Wordsmith during the recording of the Concert for the Human Family in April 2021 at Philadelphia Episcopal Cathedral. Photo: The Episcopal Church

“We’ve been talking about the struggles we’ve been going through, talking about the divide that we have in America, and just really putting these things out here bluntly so we can have this conversation through music,” Wordsmith said. “I feel this concert will really continue to open people’s eyes, continue to keep the discussions alive on so many topics in this world that we have to address. And that’s my biggest hope, that more people will come together and unite over this.”

“The whole thing is designed to spark conversations and to strengthen communities and hopefully open up an important dialogue between all of us,” Caudill told ENS.

“Everything has been based on very real and very deep conversations and research that we’ve had with folks” going back several years, he said; though they sound tailor-made to the 2020-21 period of racial reckoning, almost all of the songs were written before the murder of George Floyd last May. One deals with the 2005 racially motivated murder of Anthony Walker in England, which Caudill learned about in detail on a trip to Liverpool with a team from The Episcopal Church in 2019.

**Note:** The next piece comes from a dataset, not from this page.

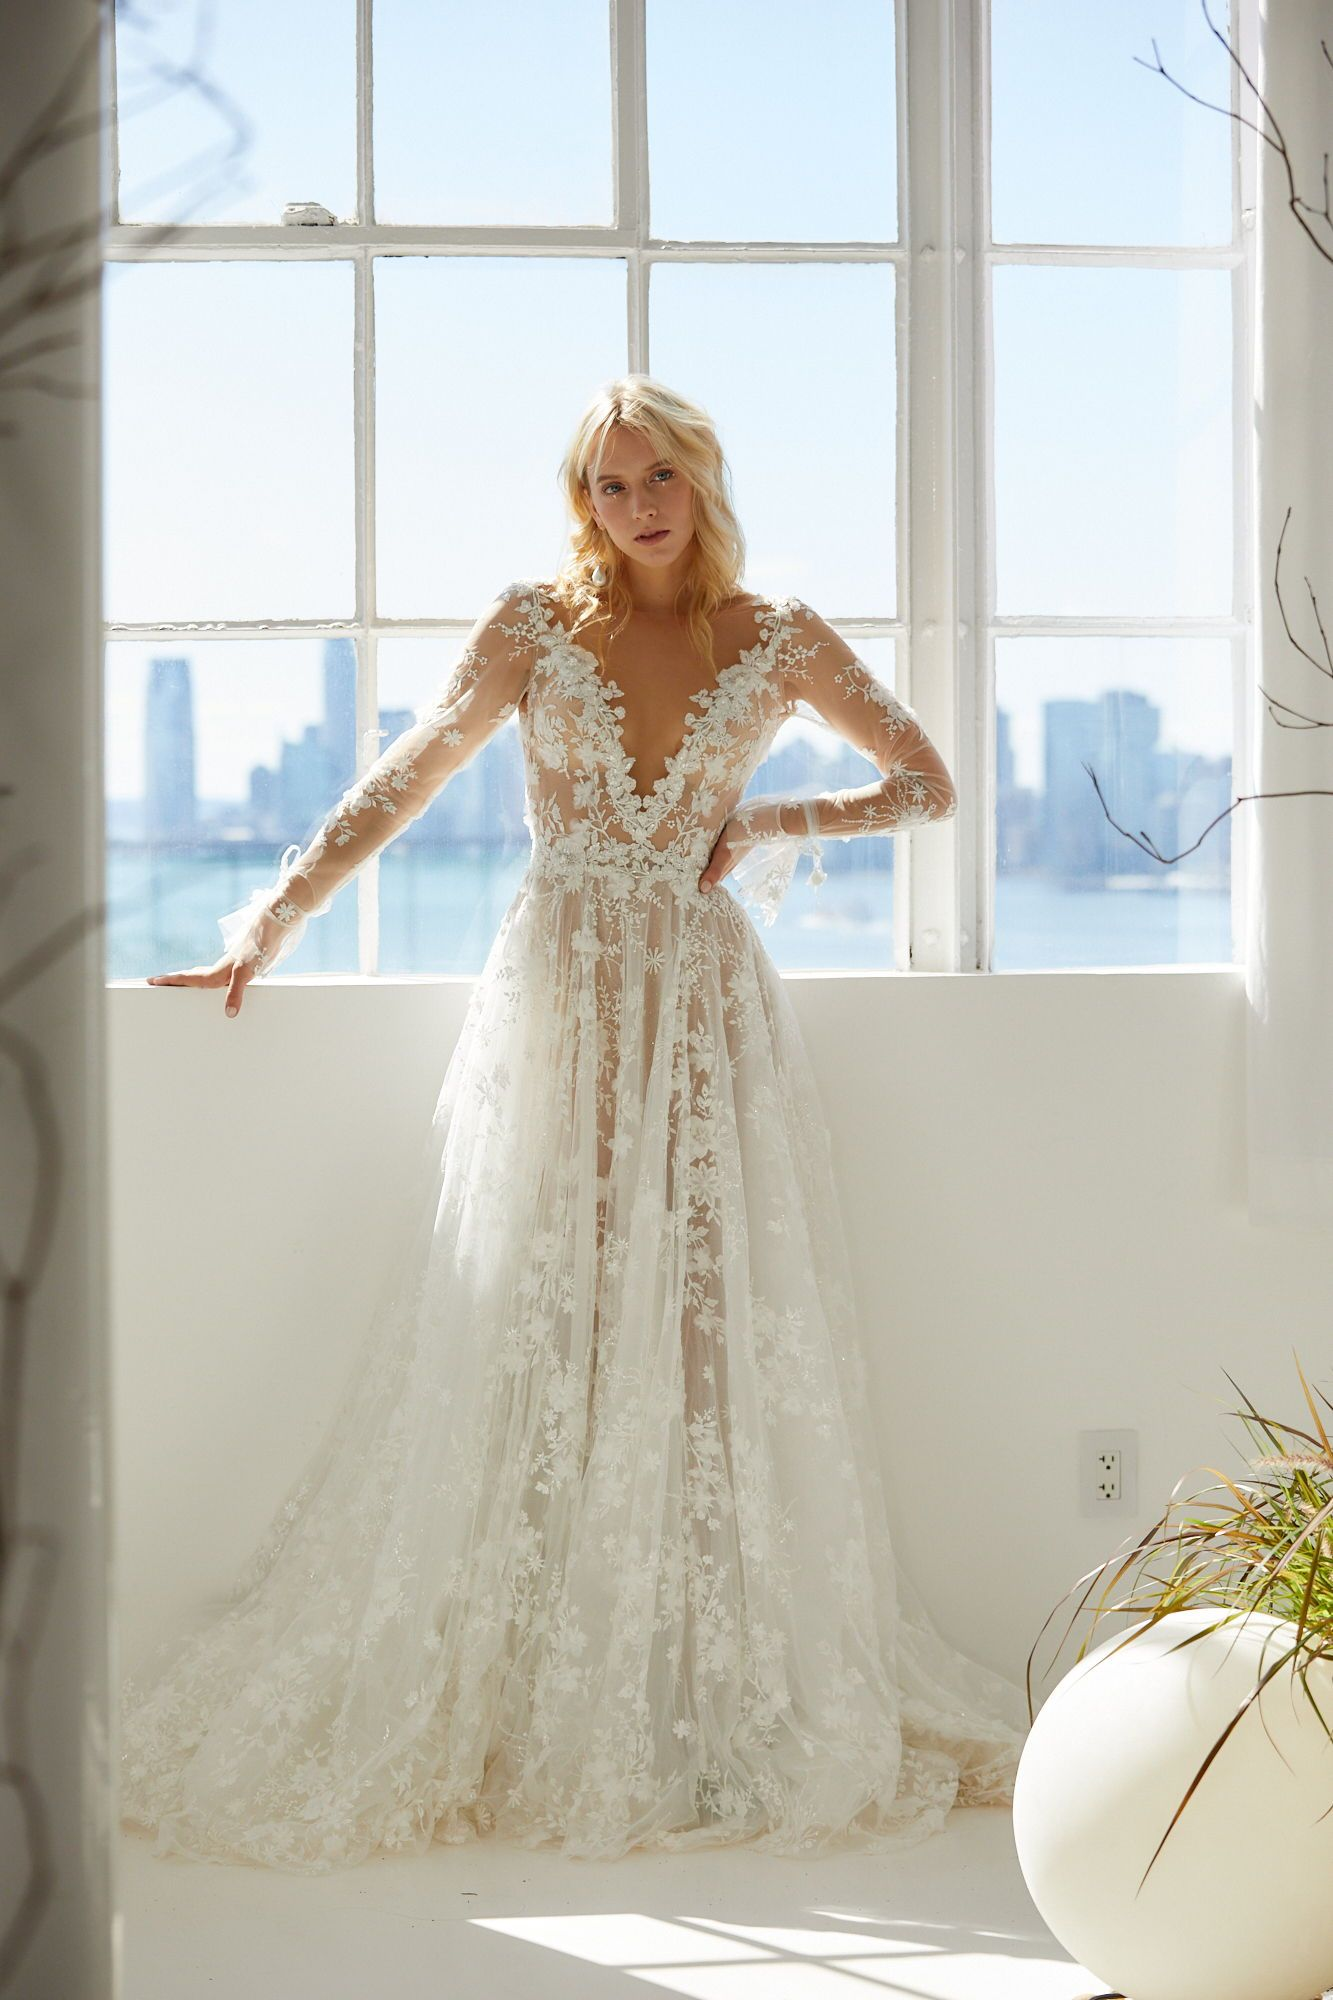 G 408 Wedding Dresses Whimsical Whimsical Dress Whimsical Wedding Gown

“Sadly, it all stayed relevant,” Caudill said.

As difficult as it is to talk about such painful topics, Wordsmith said he found it healing to help other people understand them.

“Everything we’ve seen with George Floyd, Breonna Taylor and so many others – we just want other communities to understand our plight understand what we’re going through and be willing to learn.”

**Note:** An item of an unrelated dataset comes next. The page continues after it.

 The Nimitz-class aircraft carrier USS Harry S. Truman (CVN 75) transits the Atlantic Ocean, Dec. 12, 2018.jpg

Caudill and Wordsmith said they strove to make music that can transcend spiritual traditions as well as personal backgrounds. While The Episcopal Church is sponsoring the concert series, the music is broadly spiritual rather than overtly religious, inviting people of other faiths or no faith to engage with it.

“It’s important to me that people know that I’m a person of faith,” Caudill told ENS. “At the same time, I want them to know that if they’re having conversation with me, I want to learn about and understand why they view the world the way they do, and to feel welcome to have any kind of conversation they want.”

Kory Caudill plays piano during the recording of the Concert for the Human Family in April 2021 at Philadelphia Episcopal Cathedral. Photo: The Episcopal Church

Wordsmith, who is not a churchgoer, told ENS he felt welcome to speak about faith on his own terms.

“That’s been a beautiful thing of working with Episcopal churches: I’ve never been judged at all,” he said. “It was really about ‘We want you to tell your story. We want you to feel open in this world.’”

The May 22 concert will incorporate the church’s From Many, One project that fosters conversation and storytelling across differences; through a series of questions and dialogue prompts, people of different backgrounds are encouraged to seek out common ground and understand each other’s motivations.

“The whole concert is about inspiring and equipping us to live as the whole human family of God, so story sharing is woven throughout the experience,” Spellers told ENS. “The concert begins with a From Many, One conversation between two of the musicians, sharing about what they love, what they’ve lost, where they hurt, and what they dream, all from their very different perspectives and life experiences. These are the stories and dreams that informed much of the music you’ll hear, so it’s wonderful to have the event open this way.”

“The concert ends with Bishop Curry inviting the audience to try a brief conversation across difference on Zoom for themselves. You go from being a mere listener to being a participant,” she added.